Shagalov v. Edelman

Shagalov v Edelman (2018 NY Slip Op 03240)
Shagalov v Edelman
2018 NY Slip Op 03240
Decided on May 3, 2018
Appellate Division, First Department
Published by New York State Law Reporting Bureau pursuant to Judiciary Law § 431.
This opinion is uncorrected and subject to revision before publication in the Official Reports.


Decided on May 3, 2018
Richter, J.P., Gesmer, Oing, Singh, Moulton, JJ.

6449N 655576/17

[*1] Anatole Shagalov, et al., Plaintiffs-Respondents-Appellants,

v

Asher Edelman, et al., Defendants-Appellants-Respondents, John Does 1-20, Defendants.




Hughes Hubbard & Reed LLP, New York (Daniel H. Weiner of counsel), for appellants-respondents.

Barton LLP, New York (Mathew E. Hoffman of counsel), for respondents-appellants.



Order, Supreme Court, New York County (Eileen Bransten, J.), entered November 21, 2017, which, inter alia, granted plaintiffs' motion for a preliminary injunction enjoining defendants from transporting, transferring, disposing, alienating, pledging, assigning, or otherwise encumbering or moving Keith Haring's "Untitled (March 5, 1984)" and Frank Stella's "Guifa E La Berretta Rossa" and "La Scienza della Fiacca," and denied the posting of an undertaking, unanimously modified, on the law, to remand the matter for the fixing of an adequate undertaking, and otherwise affirmed, without costs. Plaintiffs' cross appeal from the foregoing order unanimously withdrawn, before argument, pursuant to the parties' stipulation filed April 9, 2018.

Plaintiffs demonstrated that the parties' arrangement may constitute a collateralized loan and that therefore they were entitled to notice concerning the disposition of the collateral under UCC article 9. Accordingly, plaintiffs met their burden of establishing a reasonable probability of success on the merits of their claim that defendants violated their UCC article 9 rights when they sold Haring's "Untitled (June 3, 1984)" and the Haring Tarp (see Barbes Rest. Inc. v ASRR Suzer 218, LLC, 140 AD3d 430, 431 [1st Dept 2016]; Four Times Sq. Assoc. v Cigna Invs., 306 AD2d 4, 5 [1st Dept 2003]). This is so even assuming that plaintiffs' failure to disclose nonparty Paul Kasmin Gallery's asserted 40% ownership interest in Stella's "La Scienza della Fiacca" at the time of the parties' April 2016 execution of the sale and lease agreements constituted an Event of Default as defined in those agreements.
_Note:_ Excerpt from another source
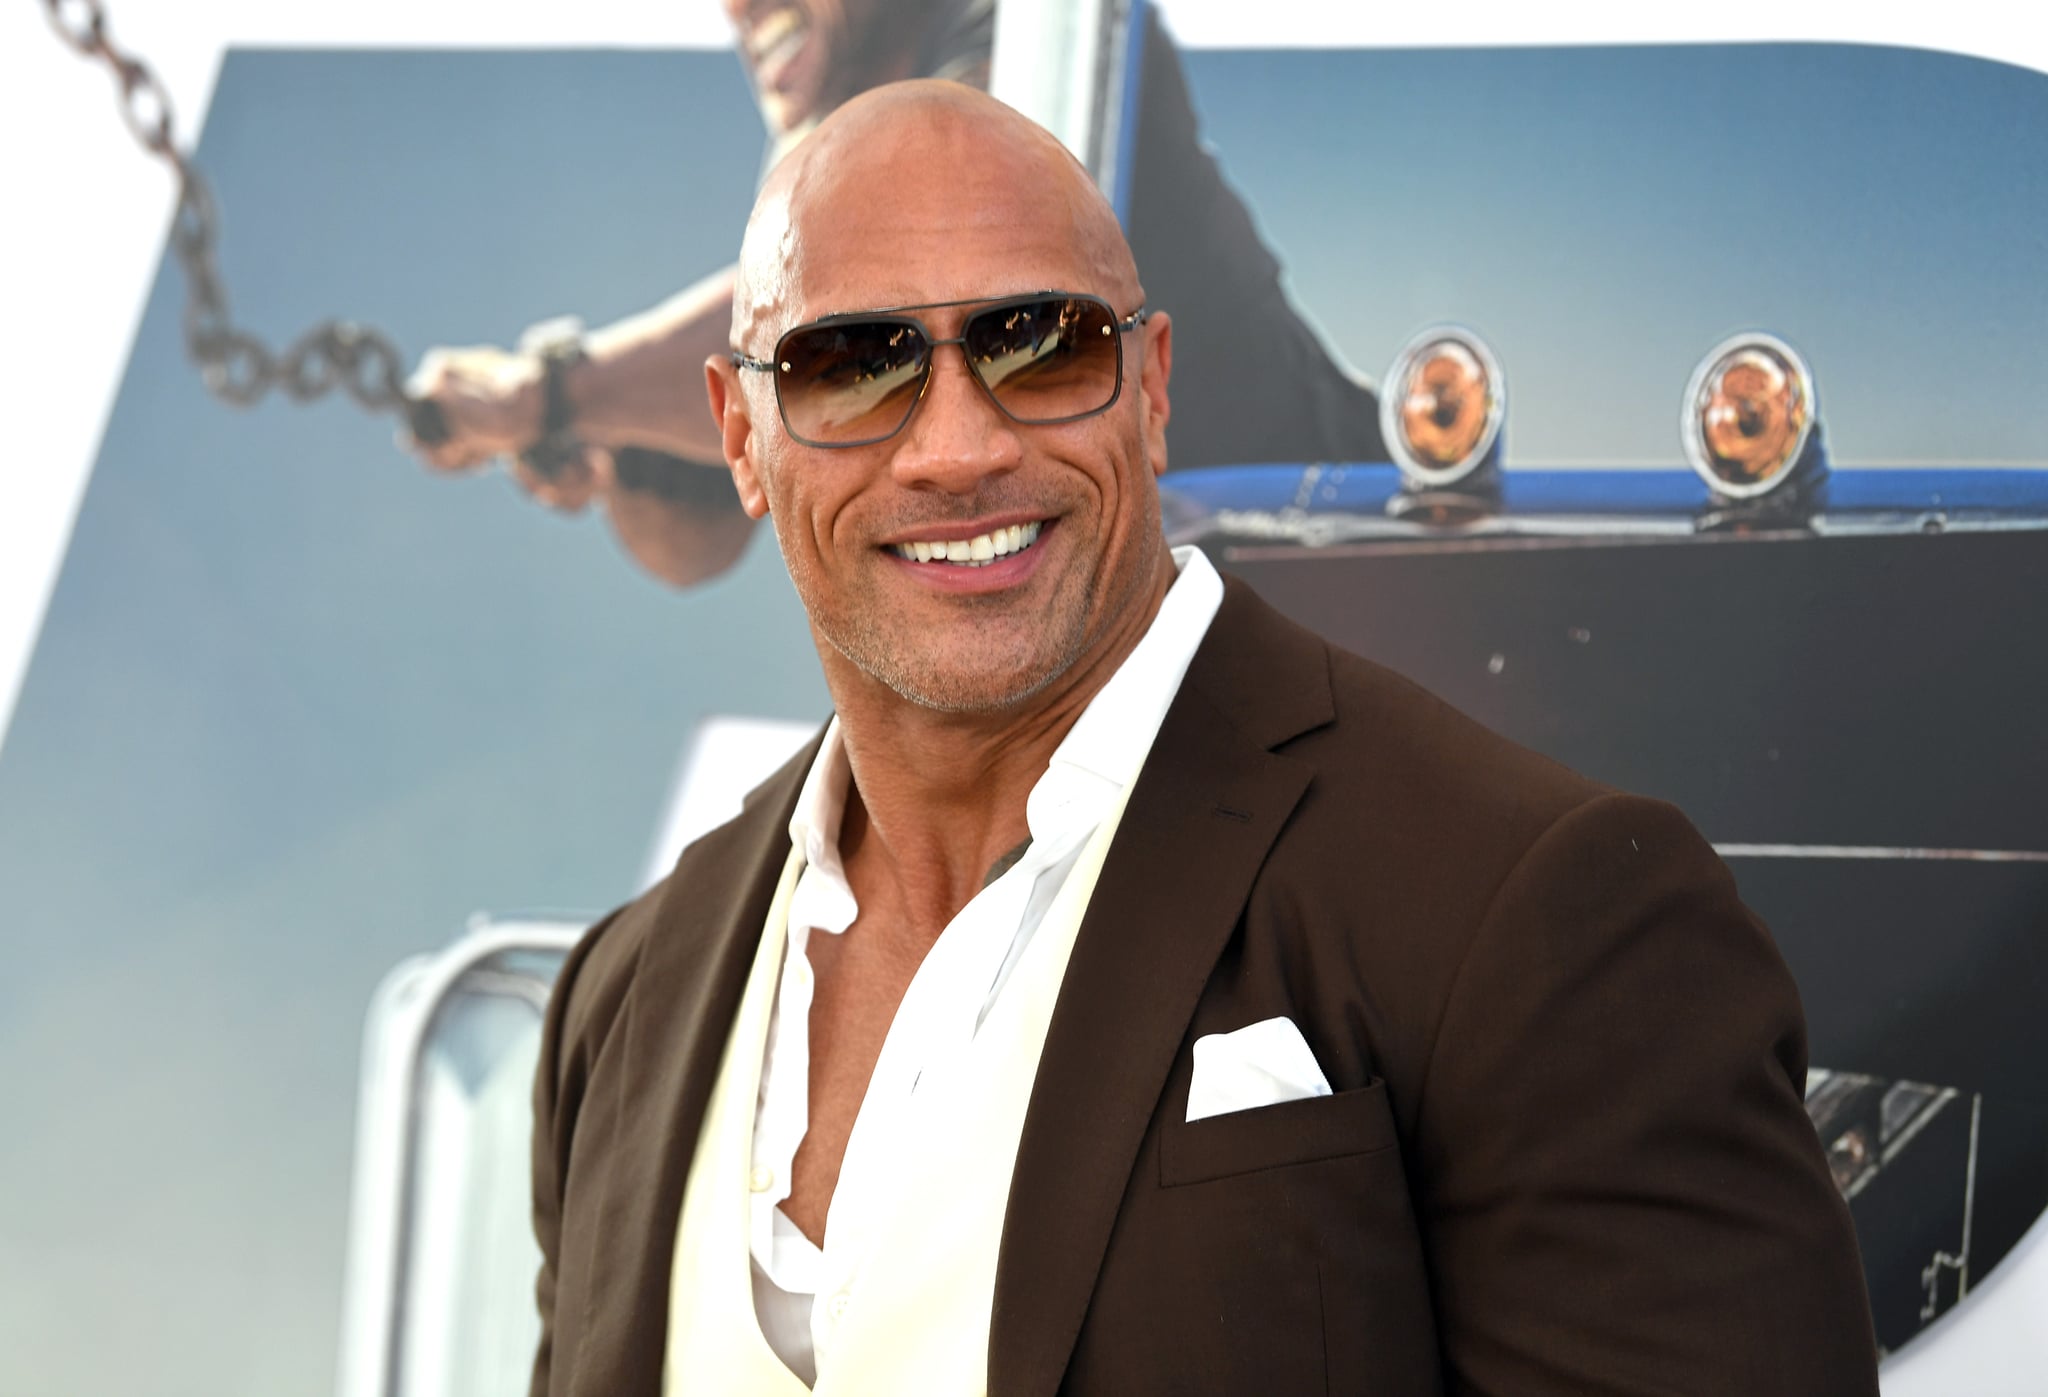 Hottest Pictures of Dwayne "The Rock" Johnson | POPSUGAR Celebrity

Given the unique nature of the art works at issue, and regardless of their art dealer status, plaintiffs established that they would be irreparably harmed absent the requested preliminary injunction (see Danae Art Intl. v Stallone, 163 AD2d 81 [1st Dept 1990]; see also Christie's Inc. v Davis, 247 F Supp 2d 414, 424 [SD NY 2002]). The balance of the equities weighs in plaintiffs' favor. The record shows that, even while learning — directly from Kasmin — on August 9, 2017, that any issues with La Scienza would be resolved by August 25, 2017, defendants took active steps to market the works to third parties, without plaintiffs' knowledge and while purporting to afford plaintiffs a chance to exercise their repurchase option under the agreements.

Plaintiffs are required to post an undertaking (CPLR 6312[b]). We remand the matter to Supreme Court to fix the amount of the undertaking (see Matter of Rockwood Pigments NA, Inc. v Elementis Chromium LP, 124 AD3d 509 [1st Dept 2015]; Honeywell Intl. v Freedman & Son, 307 AD2d 518 [3d Dept 2003]).

We have considered defendants' remaining arguments, including that this case should be assigned to another justice, and find them unavailing.

THIS CONSTITUTES THE DECISION AND ORDER

OF THE SUPREME COURT, APPELLATE DIVISION, FIRST DEPARTMENT.